Megan McArdle - Megan McArdle is a senior editor for The Atlantic who writes about business and economics. She has worked at three start-ups, a consulting firm, an investment bank, a disaster recovery firm at Ground Zero, and The Economist. More

Megan was born and raised on the Upper West Side of Manhattan, and yes, she does enjoy her lattes, as well as the occasional extra-dry skim-milk cappuccino. Her checkered work history includes three start-ups, four years as a technology project manager for a boutique consulting firm, a summer as an associate at an investment bank, and a year spent as sort of an executive copy girl for one of the disaster-recovery firms at Ground Zero … all before the age of 30.

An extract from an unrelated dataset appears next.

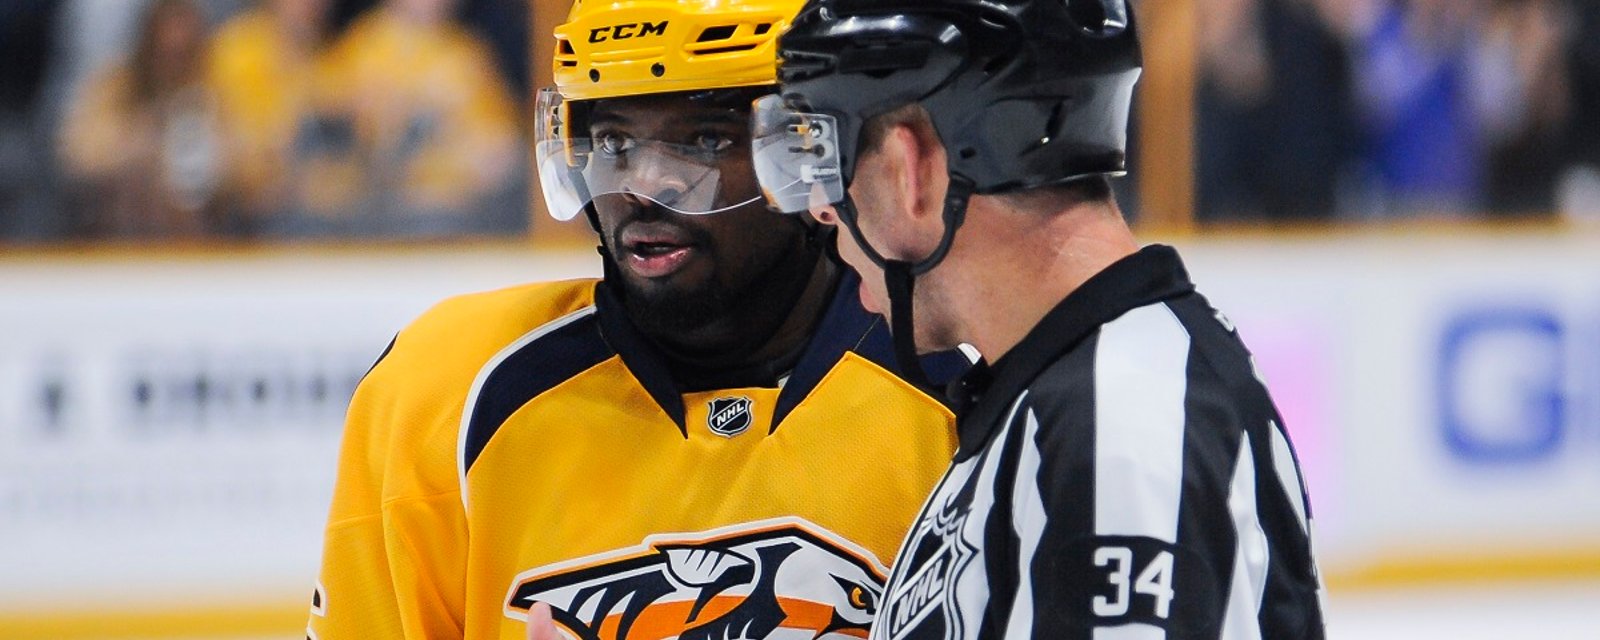 Report: Major update on P.K. Subban on Monday.

While working at Ground Zero, Megan started Live From the WTC, a blog focused on economics, business, and cooking. She may or may not have been the first major economics blogger, depending on whether we are allowed to throw outlying variables such as Brad Delong out of the set. From there it was but a few steps down the slippery slope to freelance journalism. She has worked in various capacities for The Economist, where she wrote about economics and oversaw the founding of Free Exchange, the magazine's economics blog. She has also maintained her own blog, Asymmetrical Information, which moved to The Atlantic, along with its owner, in August 2007.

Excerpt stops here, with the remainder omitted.